[TASK]
Once the line containing "Brixton Castor Fedora" has been printed, stop; print every line before it exactly, starting at the top of the material below.

[GIVEN ENTRIES Boundary: Start]

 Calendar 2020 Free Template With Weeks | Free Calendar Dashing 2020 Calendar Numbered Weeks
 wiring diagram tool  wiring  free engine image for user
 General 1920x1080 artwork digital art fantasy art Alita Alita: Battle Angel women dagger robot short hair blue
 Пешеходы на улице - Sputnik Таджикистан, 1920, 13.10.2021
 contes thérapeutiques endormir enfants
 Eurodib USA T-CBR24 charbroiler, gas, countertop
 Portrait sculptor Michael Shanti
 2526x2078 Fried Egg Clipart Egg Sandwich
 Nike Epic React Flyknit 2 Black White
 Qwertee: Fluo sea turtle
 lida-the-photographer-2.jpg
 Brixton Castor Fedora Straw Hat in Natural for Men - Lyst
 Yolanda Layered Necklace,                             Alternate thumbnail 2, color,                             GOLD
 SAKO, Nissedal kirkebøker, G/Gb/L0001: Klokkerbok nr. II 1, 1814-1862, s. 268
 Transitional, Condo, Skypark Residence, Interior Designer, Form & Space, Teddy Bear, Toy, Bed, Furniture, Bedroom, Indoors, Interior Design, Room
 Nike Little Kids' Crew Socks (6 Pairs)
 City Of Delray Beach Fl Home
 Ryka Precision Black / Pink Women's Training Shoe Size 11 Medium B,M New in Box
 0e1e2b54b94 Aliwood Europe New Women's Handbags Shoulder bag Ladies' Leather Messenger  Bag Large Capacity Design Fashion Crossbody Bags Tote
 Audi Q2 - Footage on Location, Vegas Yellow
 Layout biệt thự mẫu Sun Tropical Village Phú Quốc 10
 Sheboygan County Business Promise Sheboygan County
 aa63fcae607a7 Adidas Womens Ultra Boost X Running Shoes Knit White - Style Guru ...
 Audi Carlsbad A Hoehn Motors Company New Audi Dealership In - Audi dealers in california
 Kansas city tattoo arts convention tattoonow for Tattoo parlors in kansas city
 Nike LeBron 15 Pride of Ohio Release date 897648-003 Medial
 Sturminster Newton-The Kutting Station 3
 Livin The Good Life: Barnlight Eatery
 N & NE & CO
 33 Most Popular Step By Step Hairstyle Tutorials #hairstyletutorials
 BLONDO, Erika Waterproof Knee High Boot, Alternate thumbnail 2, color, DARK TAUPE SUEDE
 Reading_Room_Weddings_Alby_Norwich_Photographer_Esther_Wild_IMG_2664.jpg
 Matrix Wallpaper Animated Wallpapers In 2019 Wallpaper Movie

[GIVEN ENTRIES Boundary: End]

[EXERCISE RESULT]
 Calendar 2020 Free Template With Weeks | Free Calendar Dashing 2020 Calendar Numbered Weeks
 wiring diagram tool  wiring  free engine image for user
 General 1920x1080 artwork digital art fantasy art Alita Alita: Battle Angel women dagger robot short hair blue
 Пешеходы на улице - Sputnik Таджикистан, 1920, 13.10.2021
 contes thérapeutiques endormir enfants
 Eurodib USA T-CBR24 charbroiler, gas, countertop
 Portrait sculptor Michael Shanti
 2526x2078 Fried Egg Clipart Egg Sandwich
 Nike Epic React Flyknit 2 Black White
 Qwertee: Fluo sea turtle
 lida-the-photographer-2.jpg
 Brixton Castor Fedora Straw Hat in Natural for Men - Lyst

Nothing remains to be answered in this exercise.